In the essay from which the book derives its name, Chabon regales readers with a childhood tale of his family’s move to an unfinished subdivision. Rather than the typical narrative of being stifled by suburban newness and sterility, Chabon imparts a feeling of awe at such open opportunity. It is an awe that motivates him to fill a sketchy map of the subdivision with wonders, as if drawing out secrets from the air. Readers are able to vicariously feel that rush of power inherent in the creative process, one which leaves you in its afterglow wondering how you have gotten from start to finish.
Filling in the map is – to the author – part of a more general aesthetic of writing from the vantage point of exile. As he sees it, both Jews and lovers of genre fiction are vibrant communities often excluded from the mainstream of society and literature respectively.

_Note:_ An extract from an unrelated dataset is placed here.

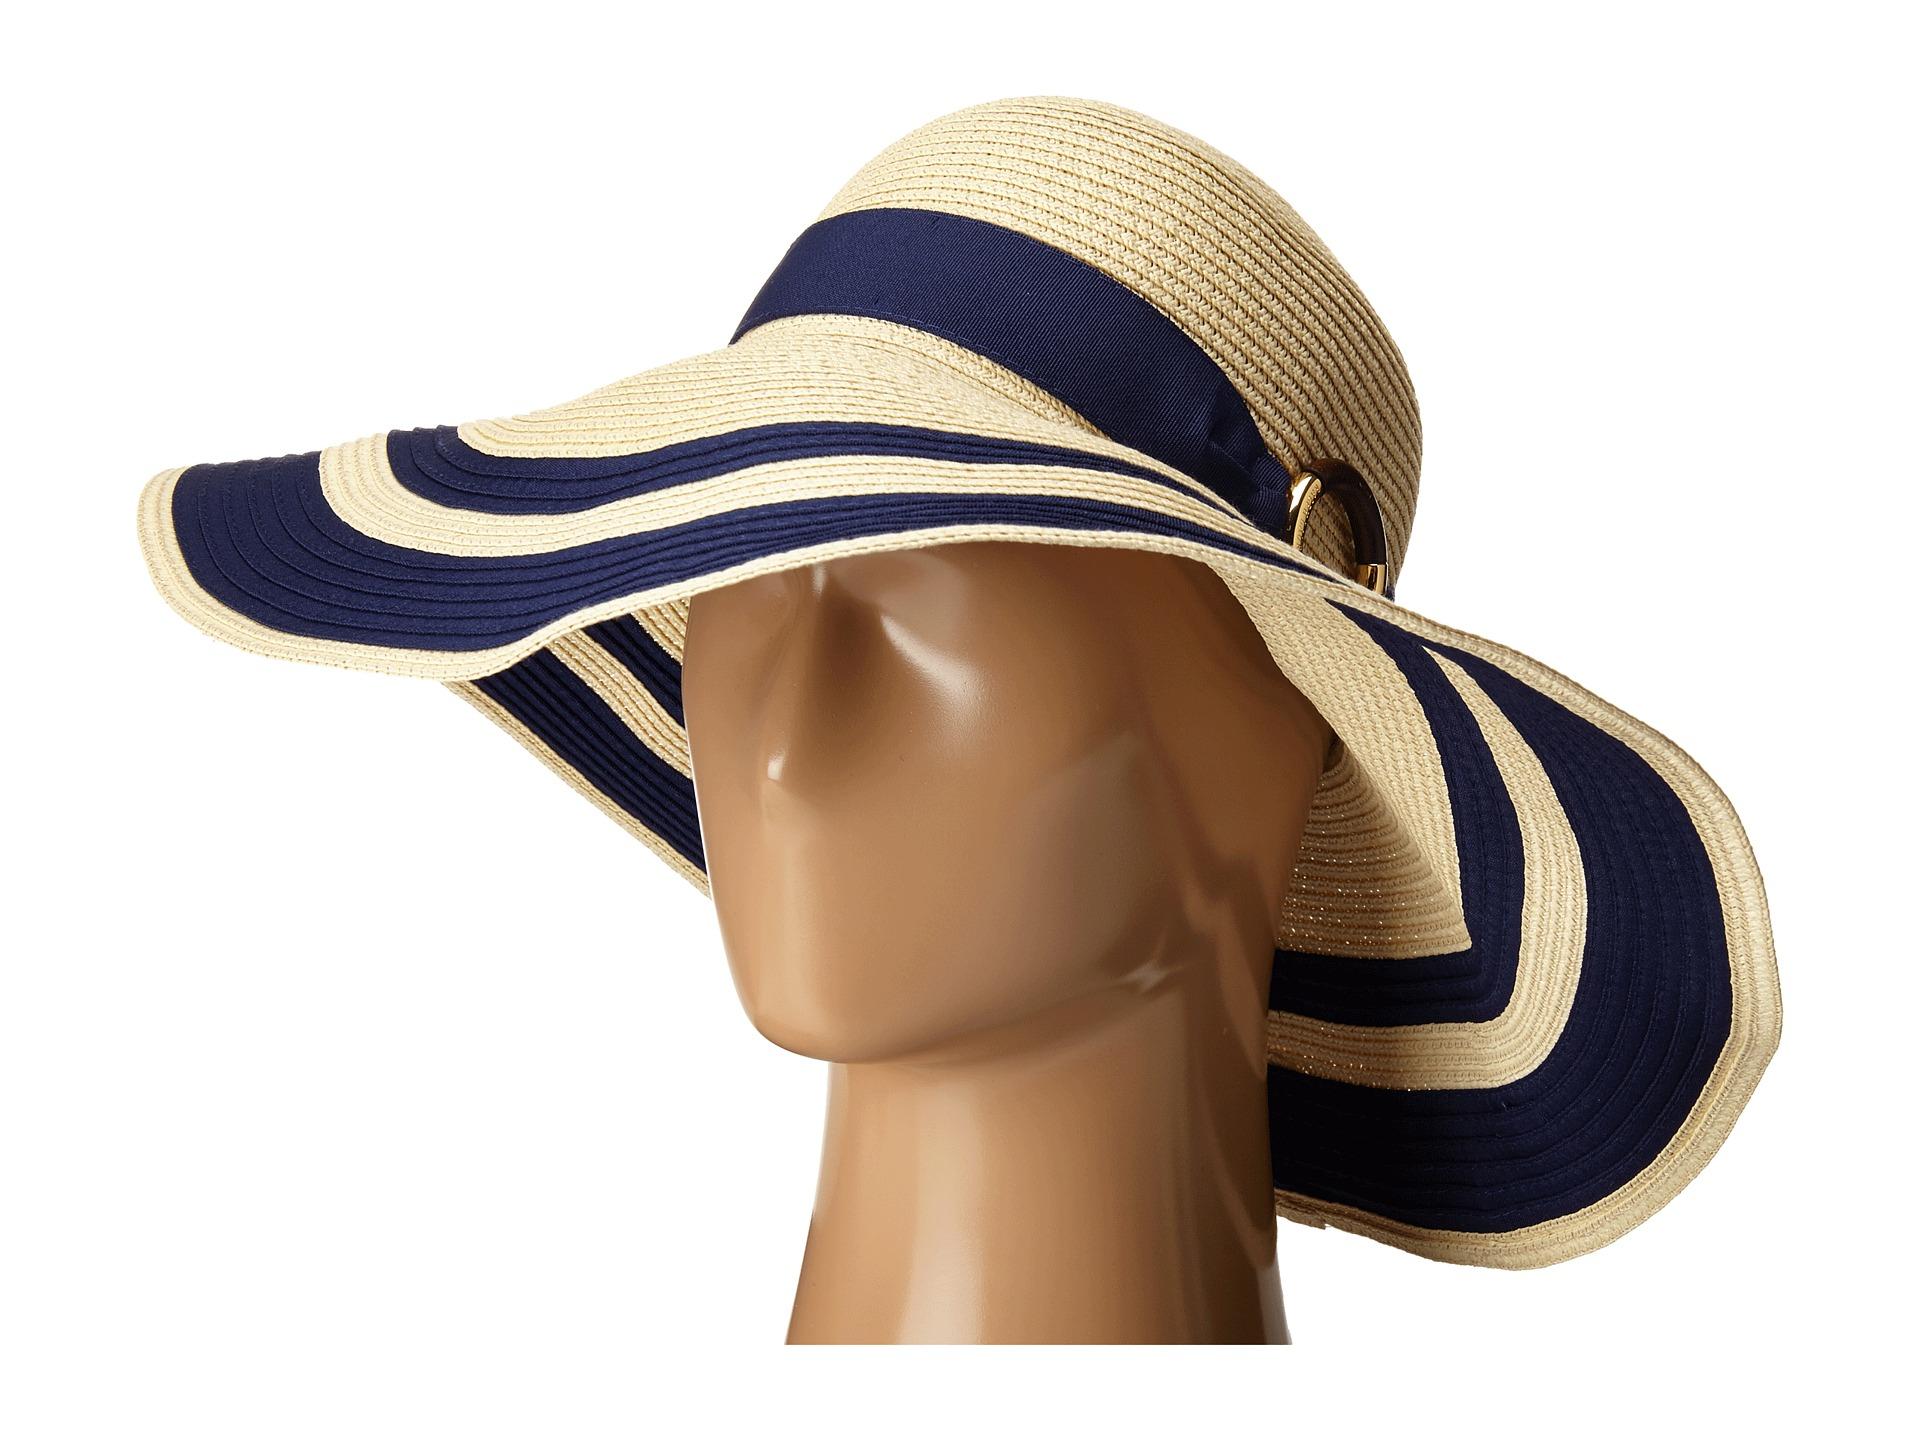 Lyst - Lauren by Ralph Lauren Paper Straw Bright   Natural Sun Hat ... 66bd32b9722a
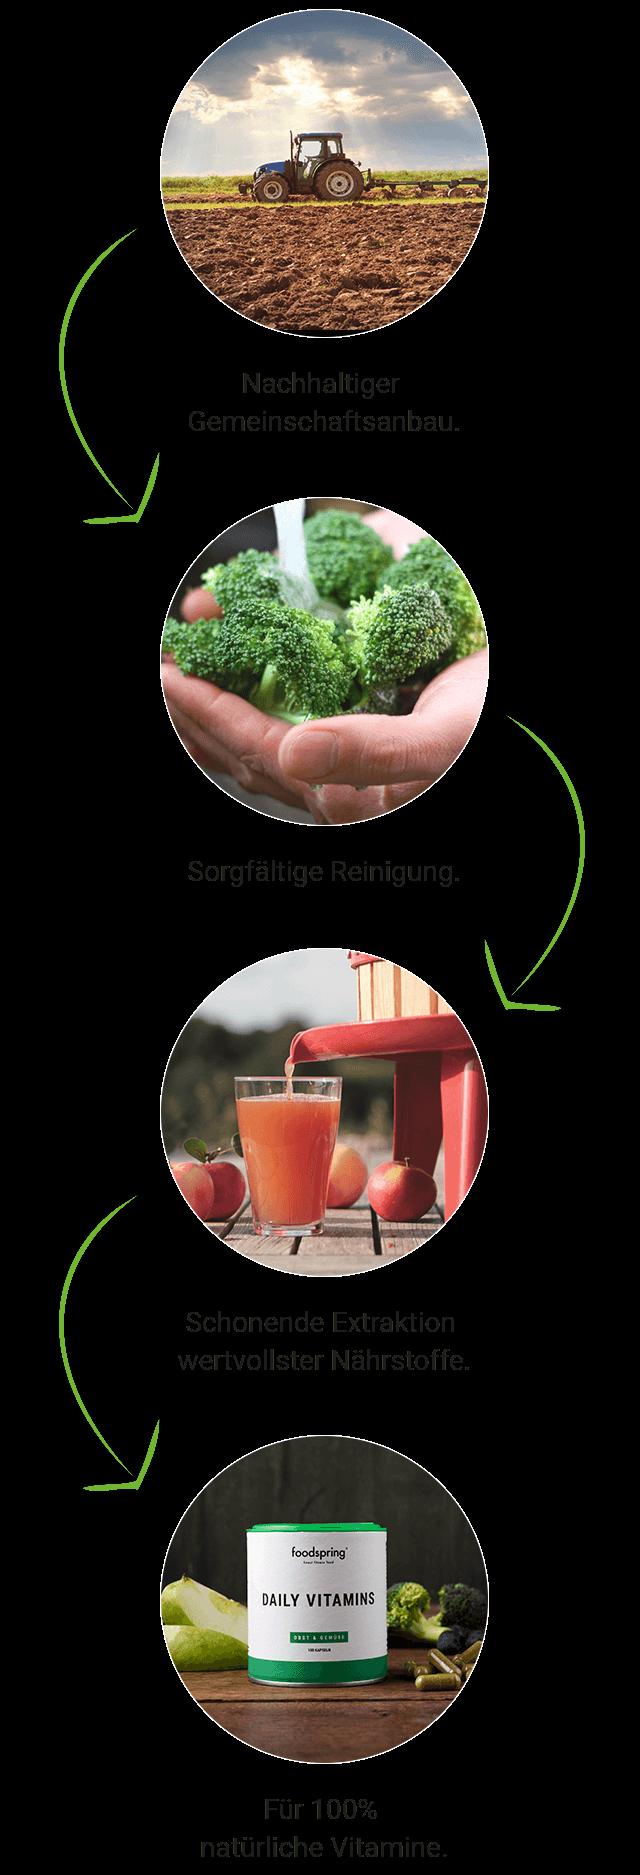 Processus de fabrication des gélules de Daily Vitamins

It is this position of exile which tethers Chabon to his Jewish roots and to genre fiction as a collective whole.
Other pieces are, in some ways, meditations on loss of youth and its closely-associated sense of adventure. Philip Pullman’s His Dark Materials trilogy is characterized in such a manner. The only criticism in this laudatory essay is that the heroine of the trilogy, Lyra Belacqua, becomes a much flatter, less interesting character as she moves from unbounded agency to dutiful fulfillment of destiny. In essence, Chabon views Pullman as much greater at exploring the map of his richly developed tale than in reaching the story’s destination.
Maps and Legends is for fans of genre fiction, particularly those who do not mind blending and blurring of genre’s boundaries, or of writing about writing.